I am not a financial advisor, and I do not provide financial advice. Many thoughts here are my opinion, and others can be speculative.

TL;DR - (Though I think you REALLY should consider reading because it is important to understand what is going on):

  • The market crash of 2008 never finished. It was can-kicked and the same people who caused the crash have still been running rampant doing the same bullshit in the derivatives market as that market continues to be unregulated. They're profiting off of short-term gains at the risk of killing their institutions and potentially the global economy. Only this time it is much, much worse.

  • The bankers abused smaller amounts of leverage for the 2008 bubble and have since abused much higher amounts of leverage - creating an even larger speculative bubble. Not just in the stock market and derivatives market, but also in the crypt0 market, upwards of 100x leverage.

  • COVID came in and rocked the economy to the point where the Fed is now pinned between a rock and a hard place. In order to buy more time, the government triggered a flurry of protective measures, such as mortgage forbearance, expiring end of Q2 on June 30th, 2021, and SLR exemptions, which expired March 31, 2021. The market was going to crash regardless. GME was and never will be the reason for the market crashing.
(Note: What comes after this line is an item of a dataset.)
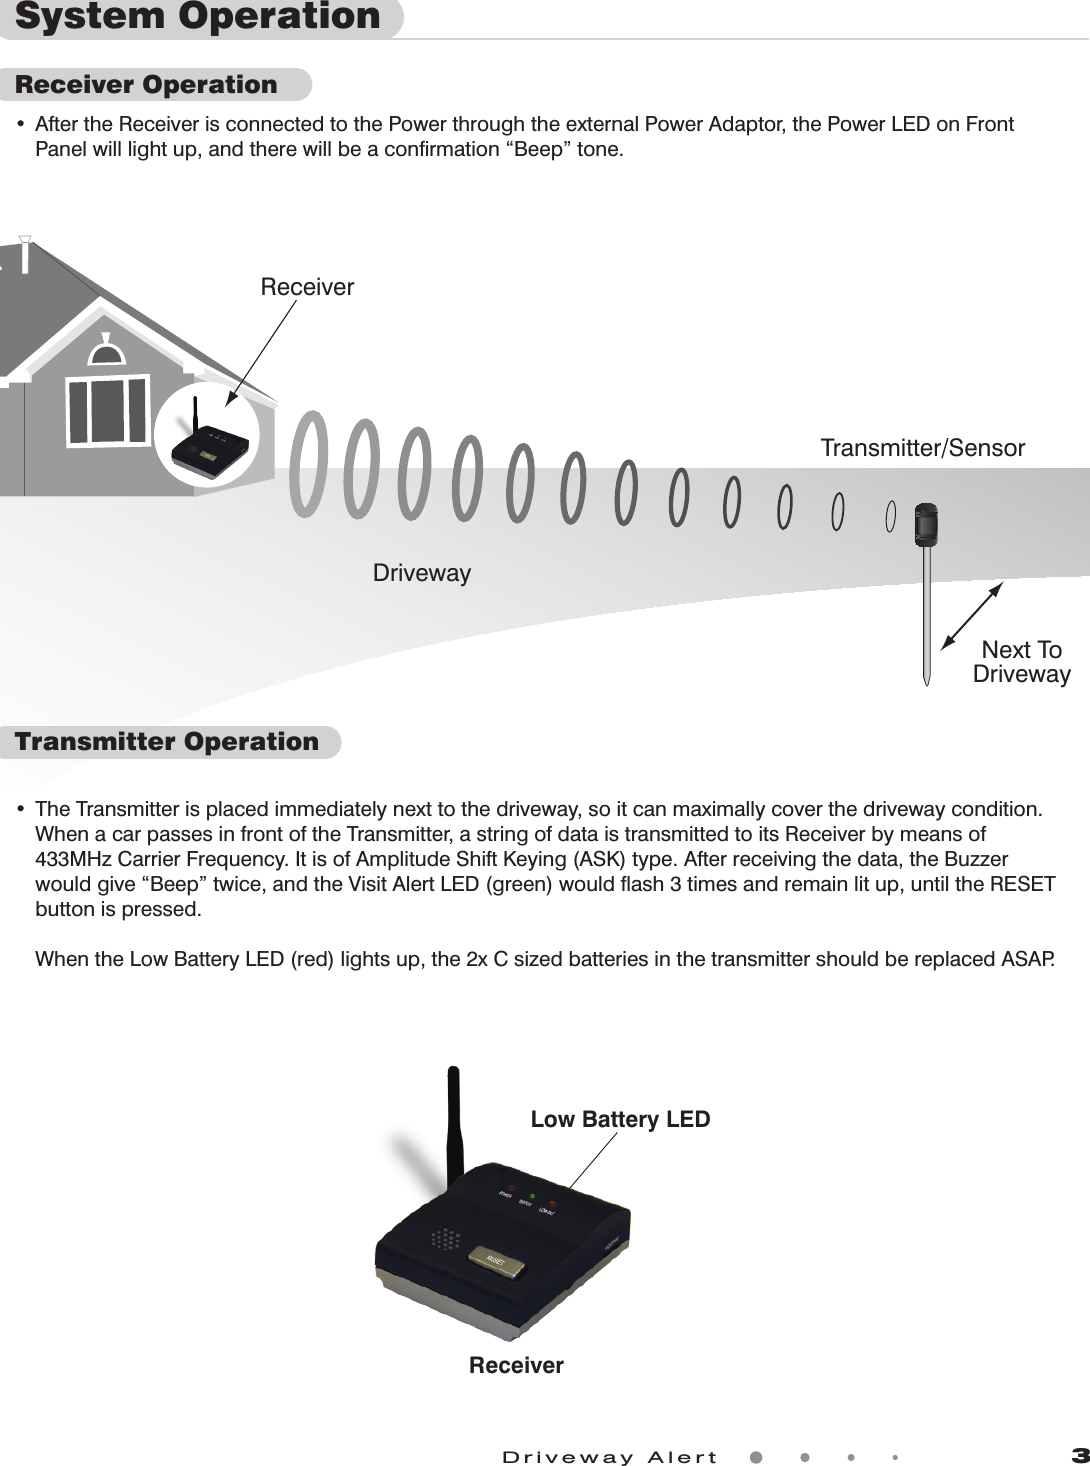 Driveway Alert                   3Transmitter/SensorDrivewayNext ToDrivewayReceiver• TheTransmitterisplacedimmediatelynexttothedriveway,soitcanmaximallycoverthedrivewaycondition. WhenacarpassesinfrontoftheTransmitter,astringofdataistransmittedtoitsReceiverbymeansof 433MHzCarrierFrequency.ItisofAmplitudeShiftKeying(ASK)type.Afterreceivingthedata,theBuzzer  wouldgive“Beep”twice,andtheVisitAlertLED(green)wouldash3timesandremainlitup,untiltheRESET buttonispressed. WhentheLowBatteryLED(red)lightsup,the2xCsizedbatteriesinthetransmittershouldbereplacedASAP.System OperationReceiver Operation• AftertheReceiverisconnectedtothePowerthroughtheexternalPowerAdaptor,thePowerLEDonFront  Panelwilllightup,andtherewillbeaconrmation“Beep”tone.Transmitter OperationLow Battery LEDReceiver

  • The rich made a fatal error in way overshorting stocks. There is a potential for their decades of sucking money out of taxpayers to be taken back. The derivatives market is potentially a $1 Quadrillion market. "Meme prices" are not meme prices. There is so much money in the world, and you are just accustomed to thinking the "meme prices" are too high to feasibly reach.

  • The DTC, ICC, OCC have been passing rules and regulations (auction and wind-down plans) so that they can easily eat up competition and consolidate power once again like in 2008. The people in charge, including Gary Gensler, are not your friends.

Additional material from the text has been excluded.